◆ **Assignment**: All of the data, word for word and free of pictures, is the expected result.

◆ **Exercise data**:

####################

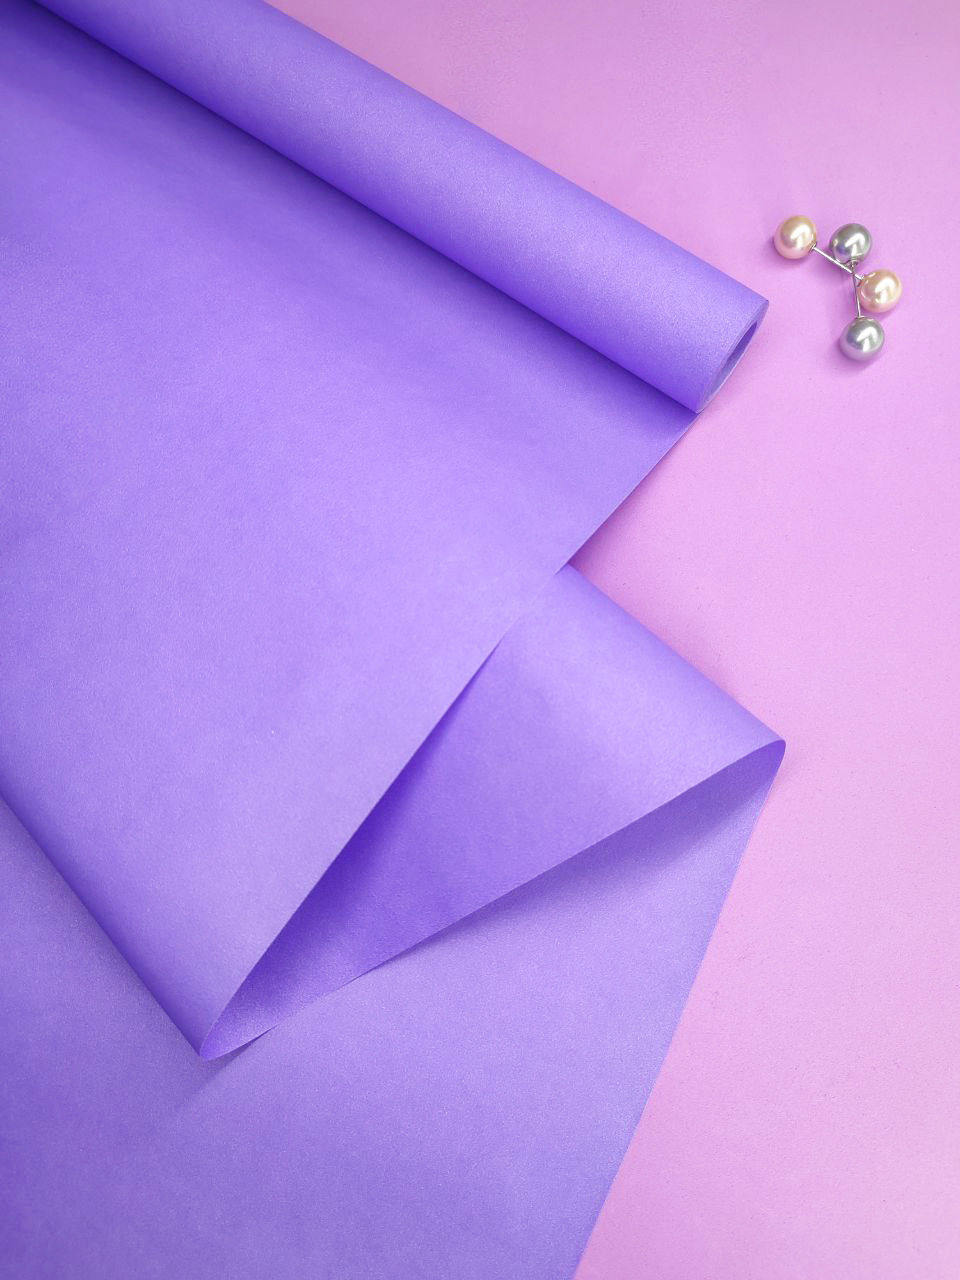 Бумага крафт 2х сторонняя 700мм ярко фиолетовый
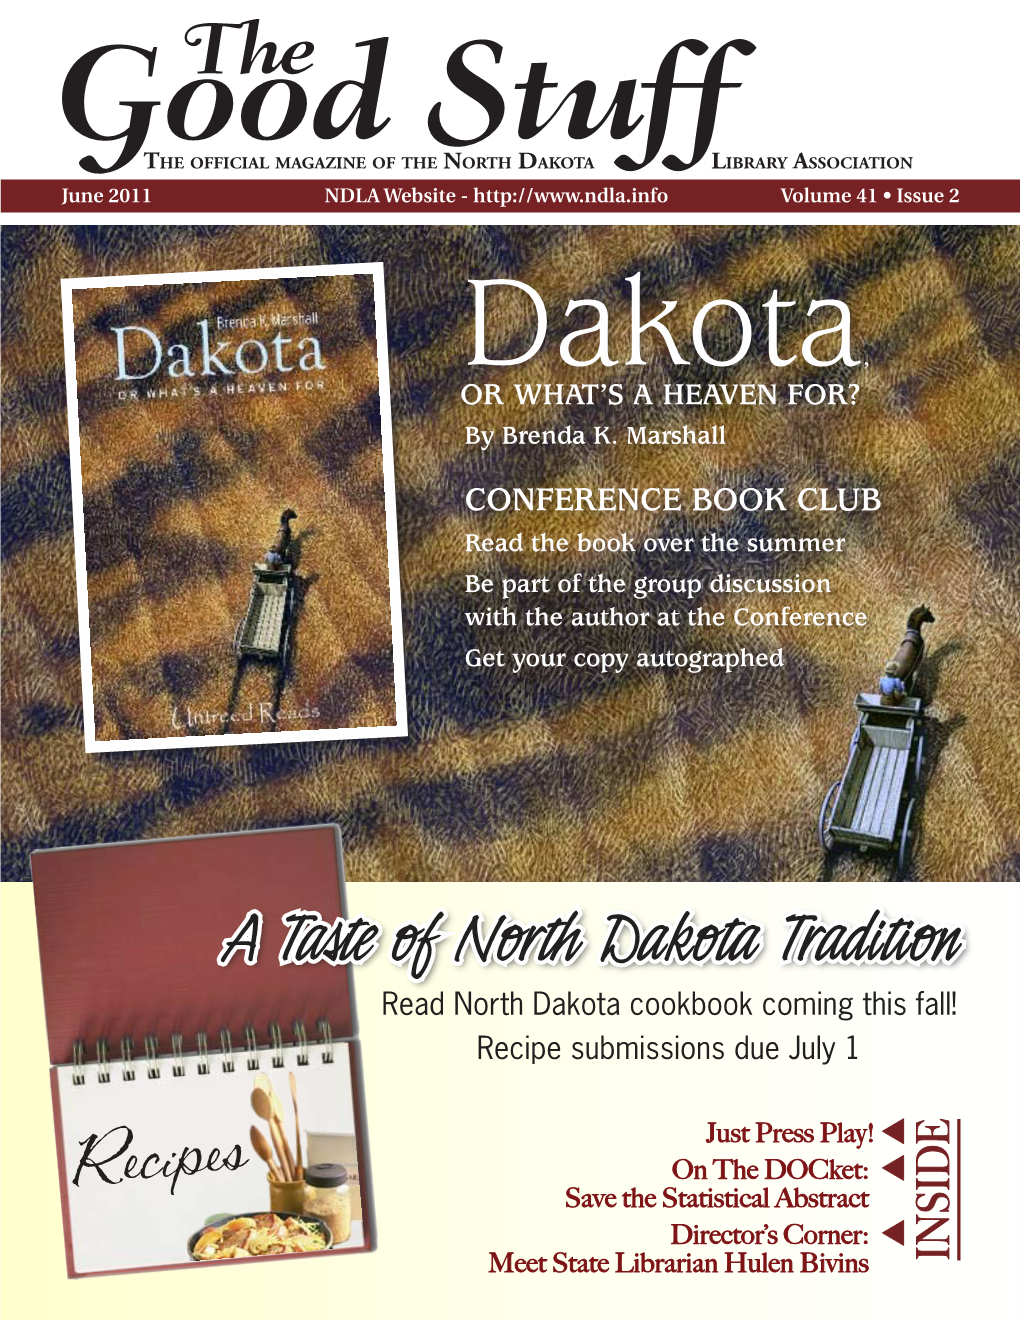 Recipesa Taste of North Dakota Tradition
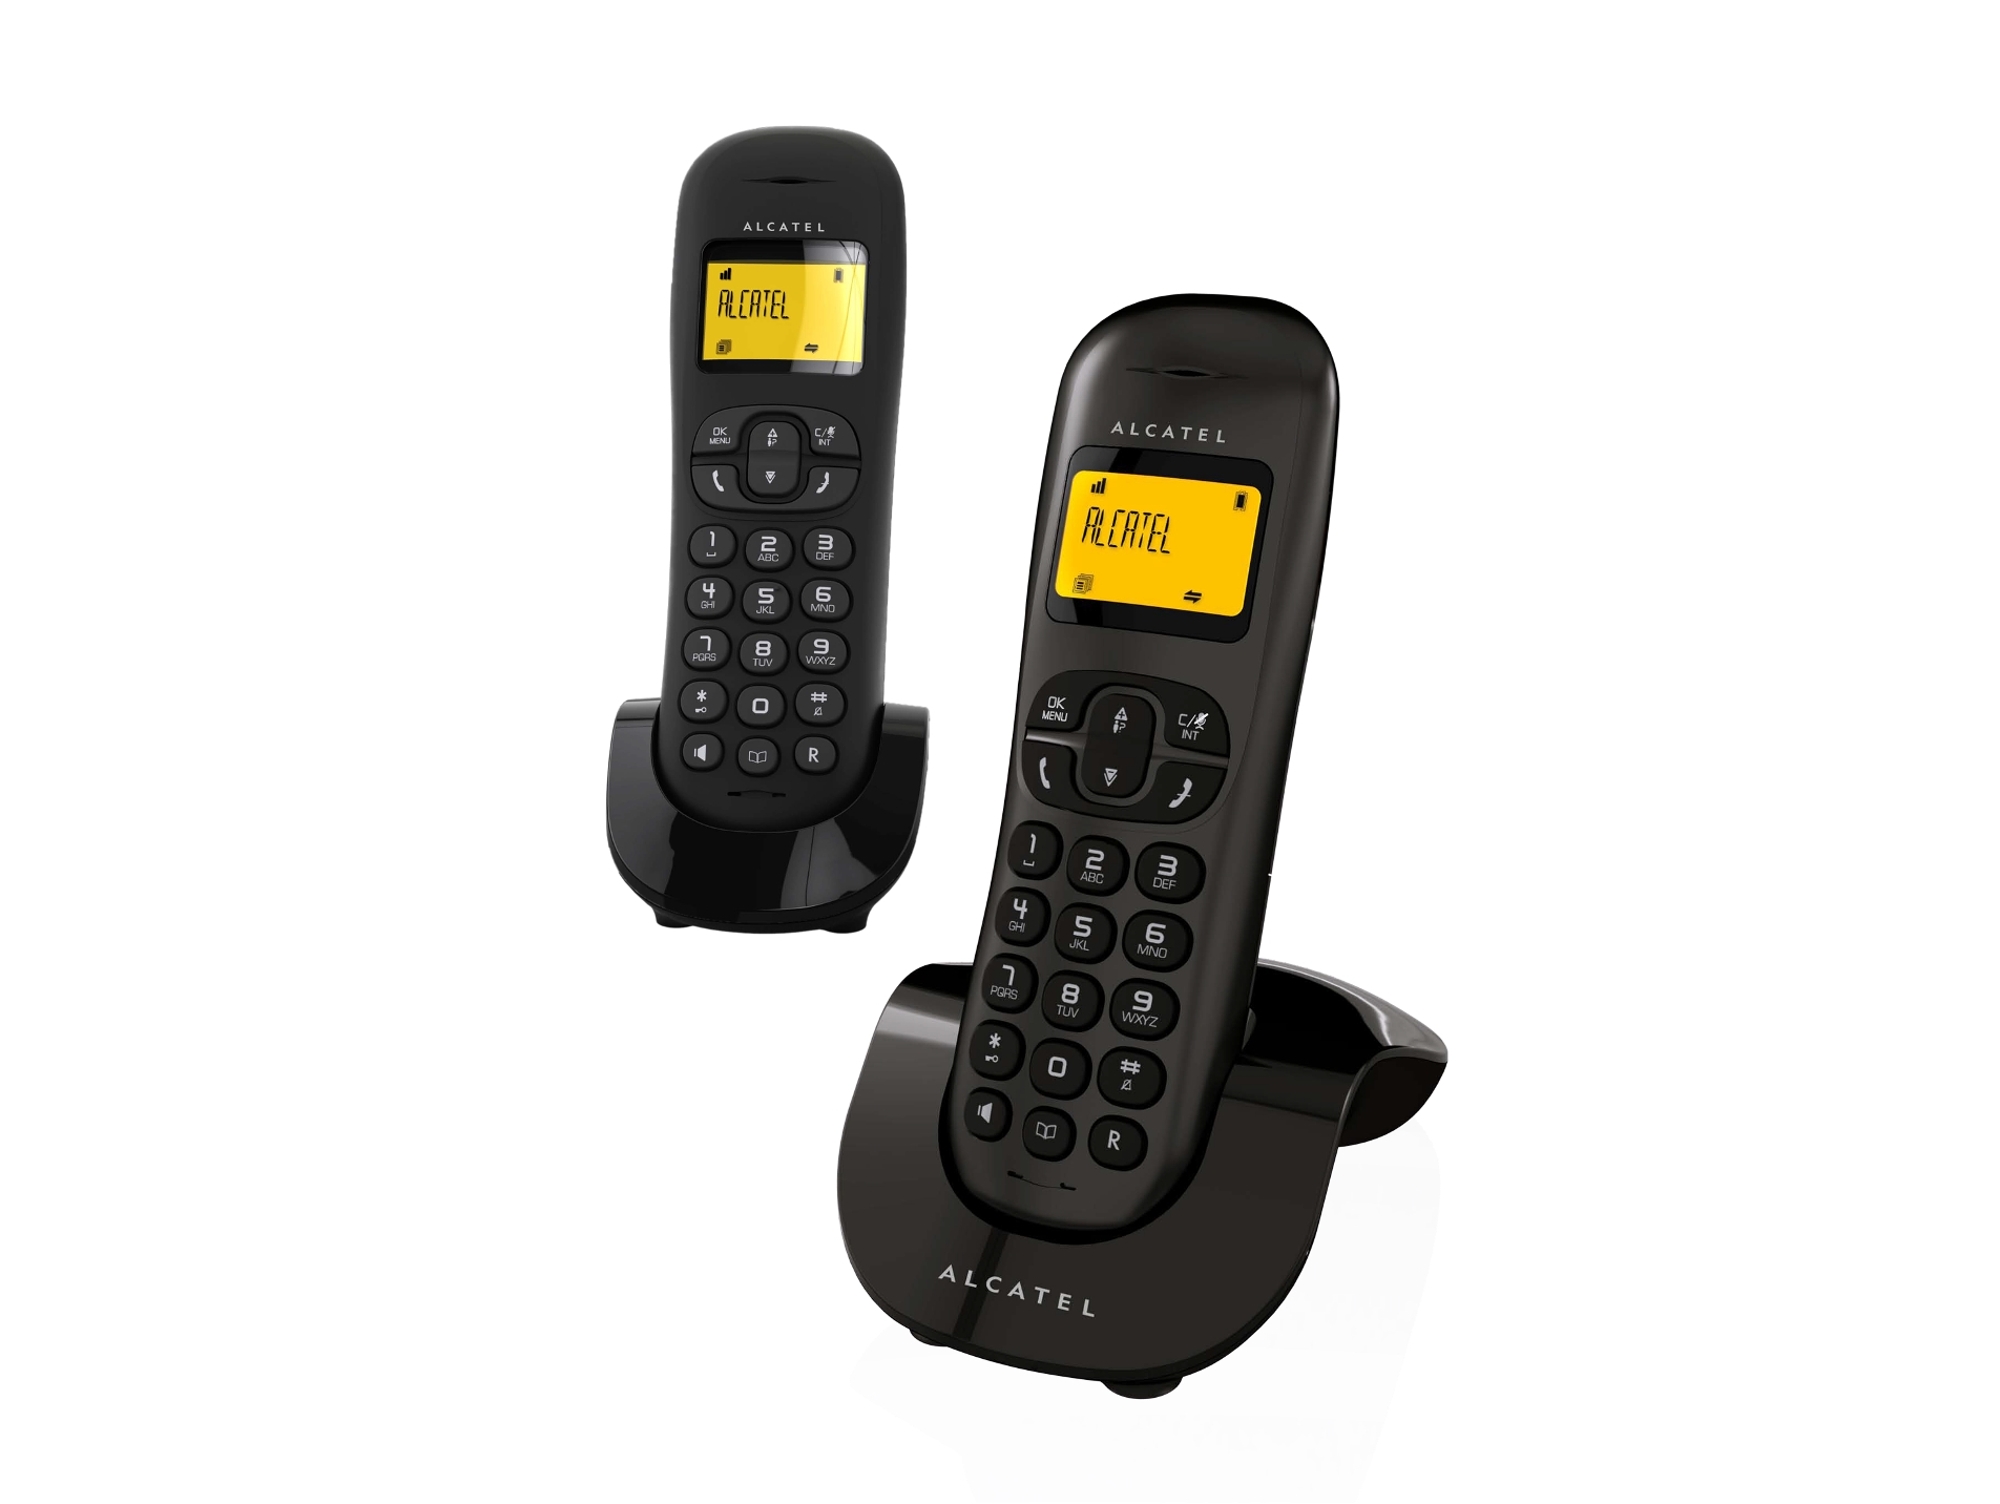 Teléfono Alcatel S250 Duo inalámbrico - color negro

####################

◆ **Answer for this exercise**:
 Бумага крафт 2х сторонняя 700мм ярко фиолетовый
 Recipesa Taste of North Dakota Tradition
 Teléfono Alcatel S250 Duo inalámbrico - color negro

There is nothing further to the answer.